Directions for this task: Could the entries below be reproduced exactly, with the images removed?

━━━━━ Stored data ━━━━━

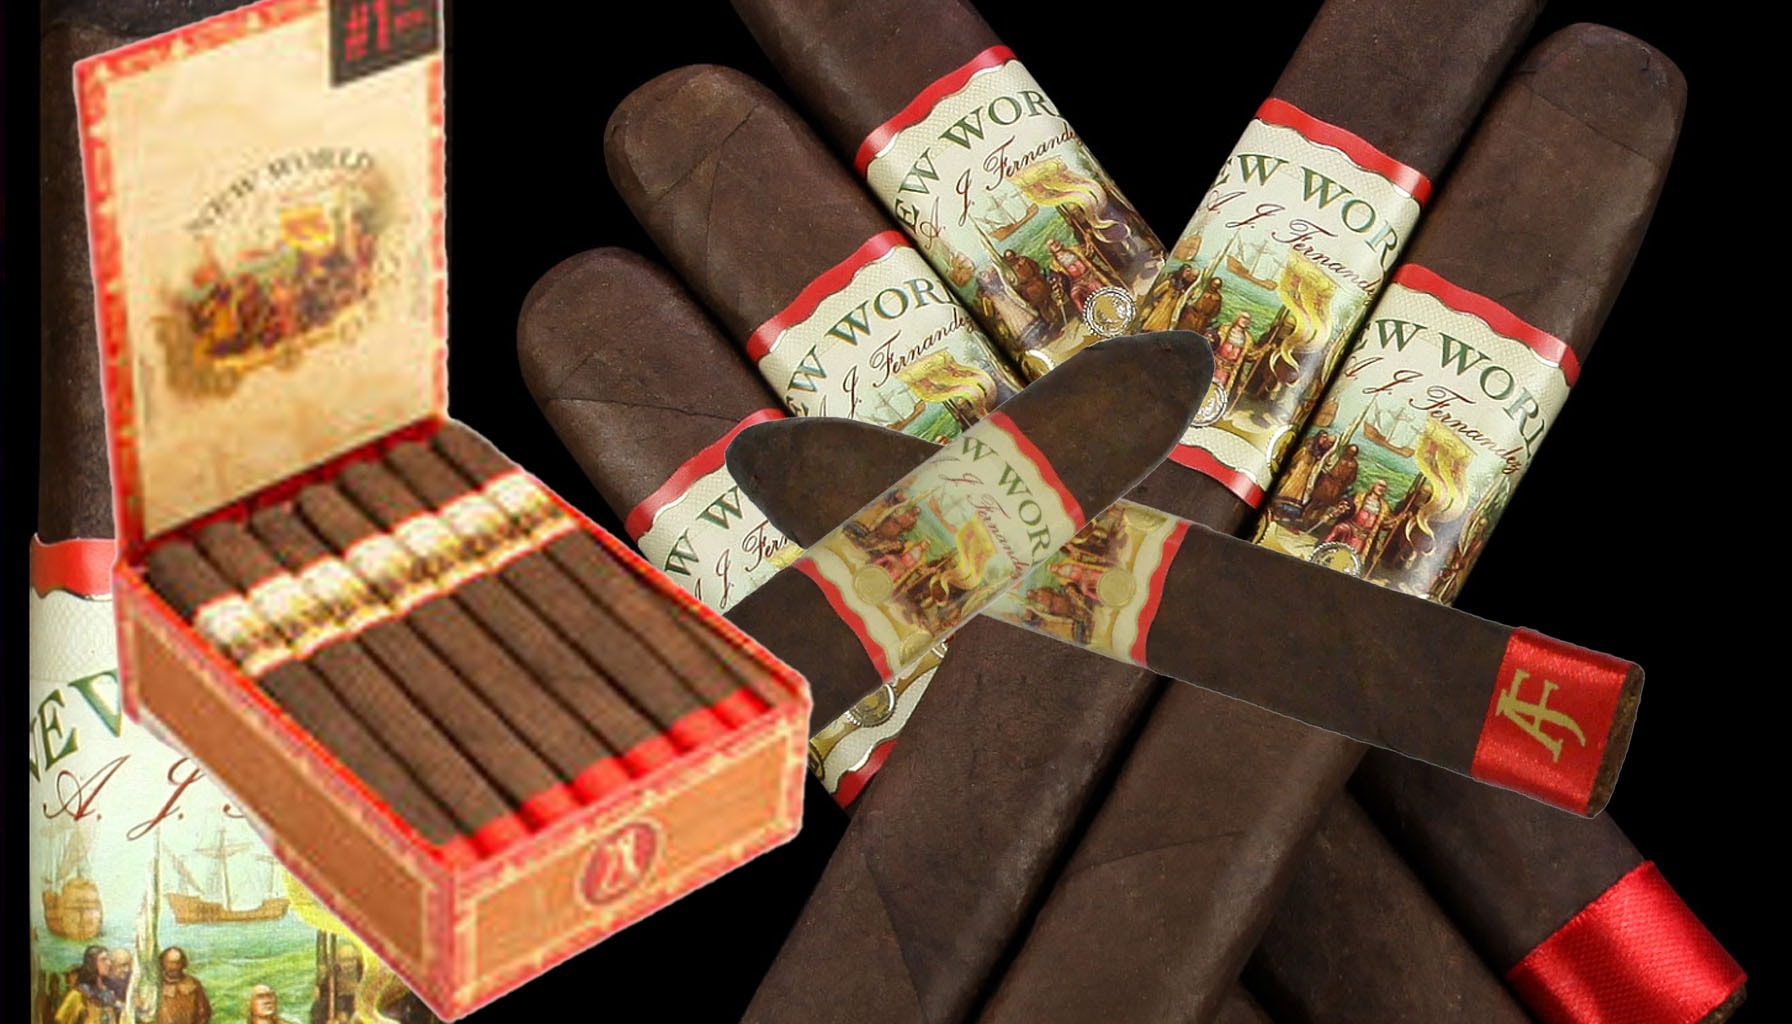 A medium to full-bodied cigar with a perfect balance of sweetness and spiciness
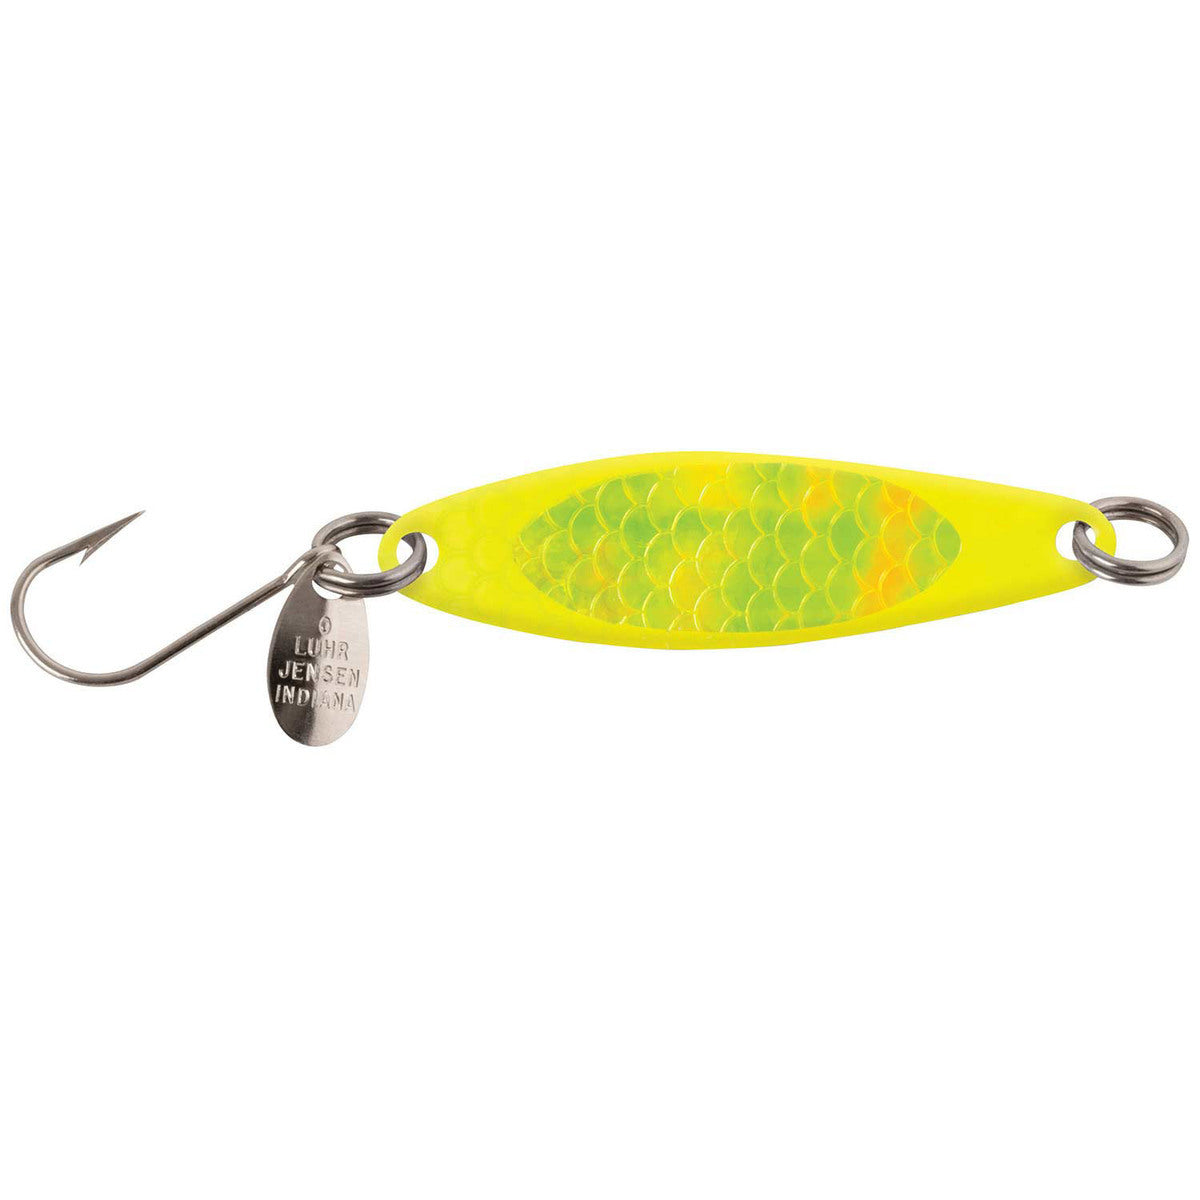 Luhr Jensen Coyote Spoons 4.0 / Chartreuse/Fish Scale
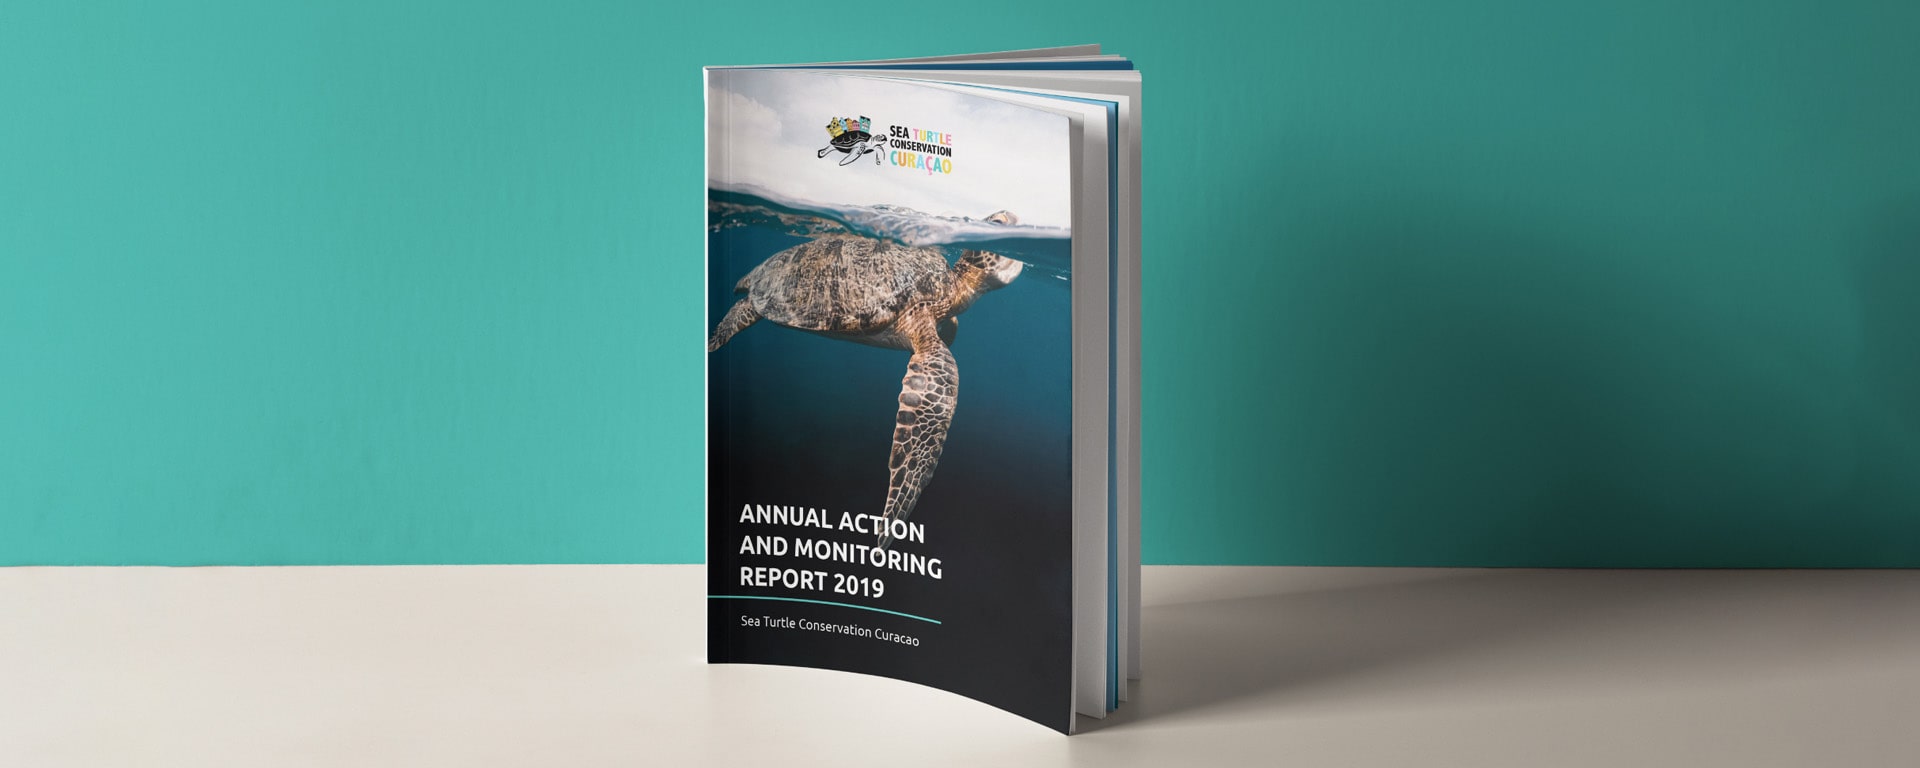 Annual Report design for Sea Turtle Conservation Curacao by Marketing Orchestra
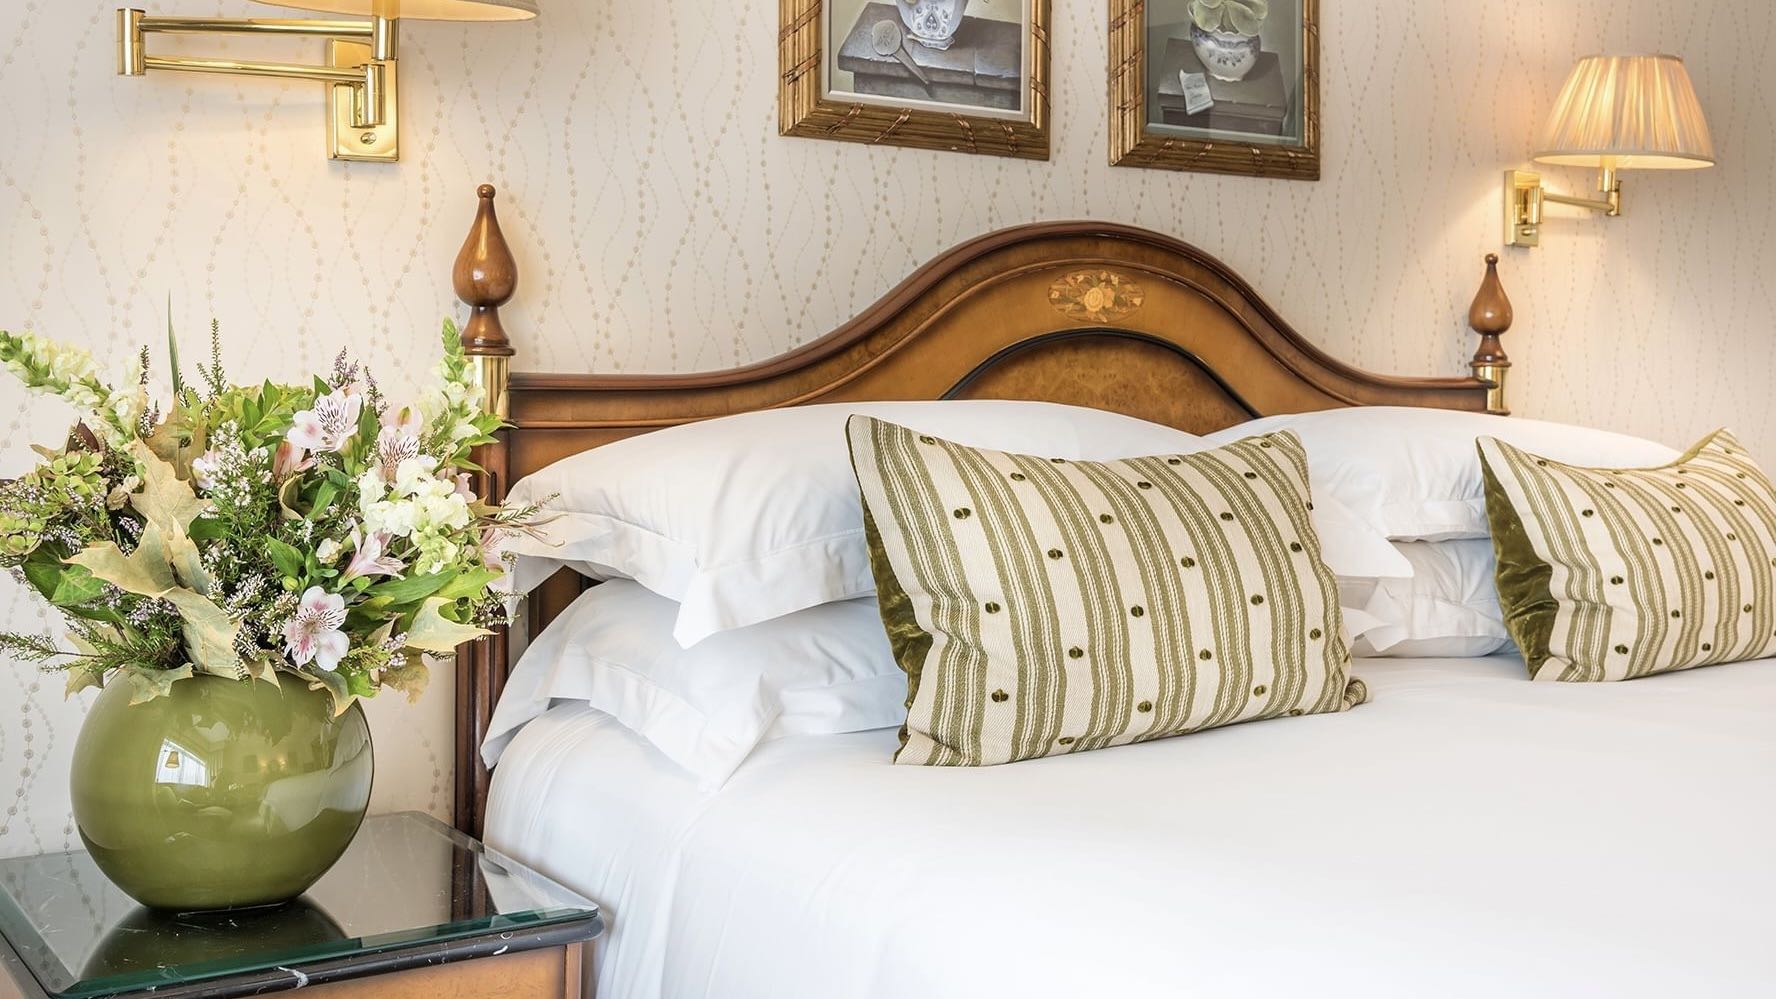 The Capital Hotel, Apartments & Townhouse – London headroom and pillows in one of the best luxury hotels near Harrods
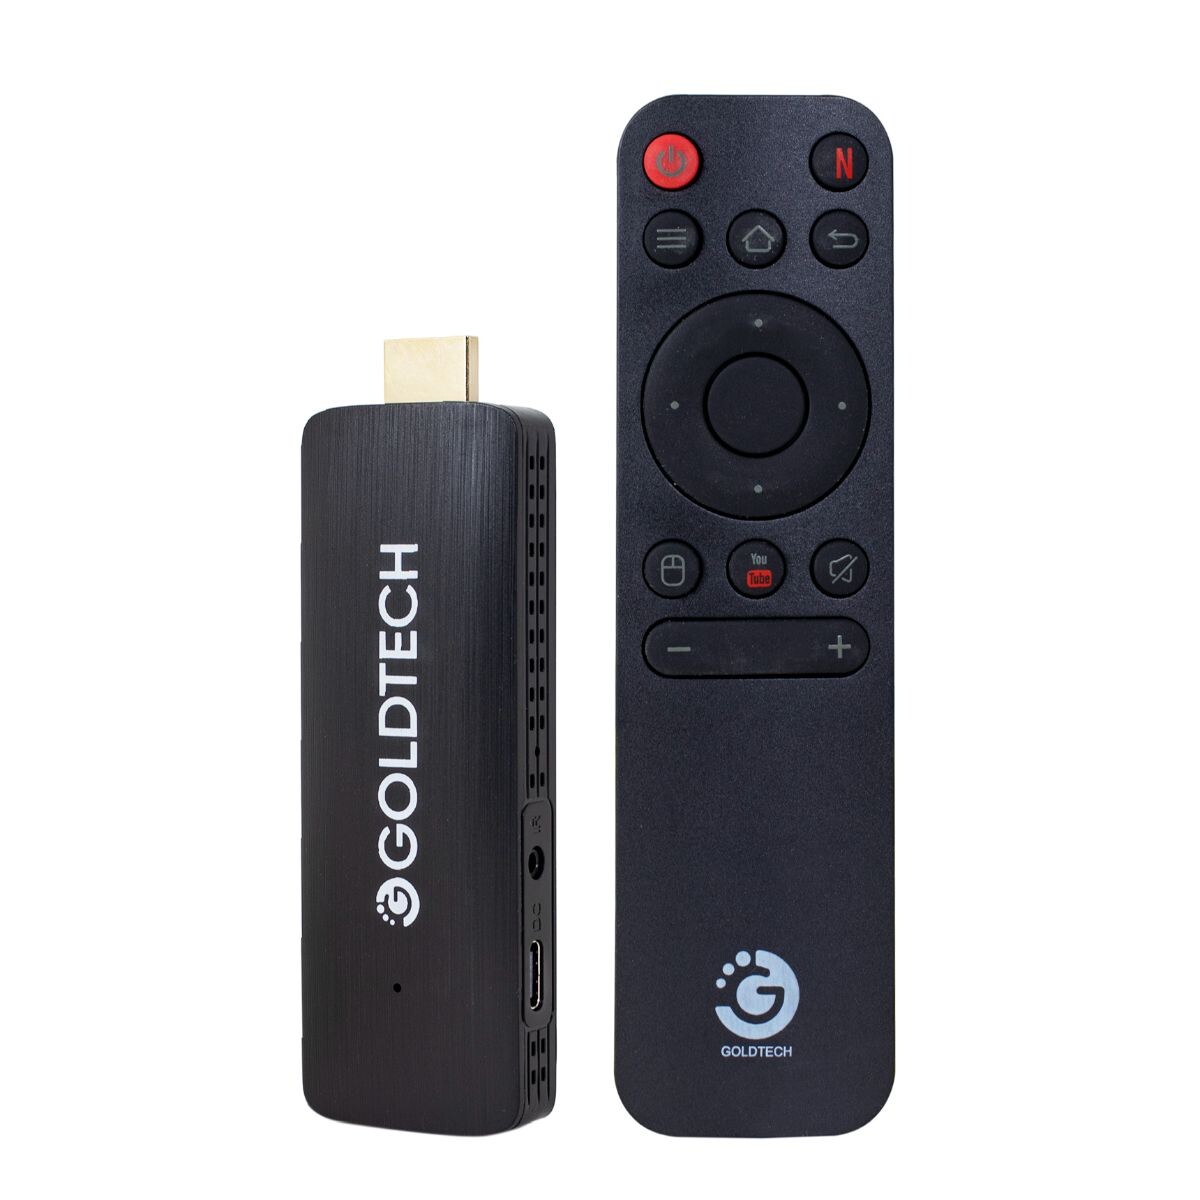 Tv Box Goldtech Gstick 16/2gb Android 10

━━━━━

Your solution:
 A medium to full-bodied cigar with a perfect balance of sweetness and spiciness
 Luhr Jensen Coyote Spoons 4.0 / Chartreuse/Fish Scale
 Annual Report design for Sea Turtle Conservation Curacao by Marketing Orchestra
 The Capital Hotel, Apartments & Townhouse – London headroom and pillows in one of the best luxury hotels near Harrods
 Tv Box Goldtech Gstick 16/2gb Android 10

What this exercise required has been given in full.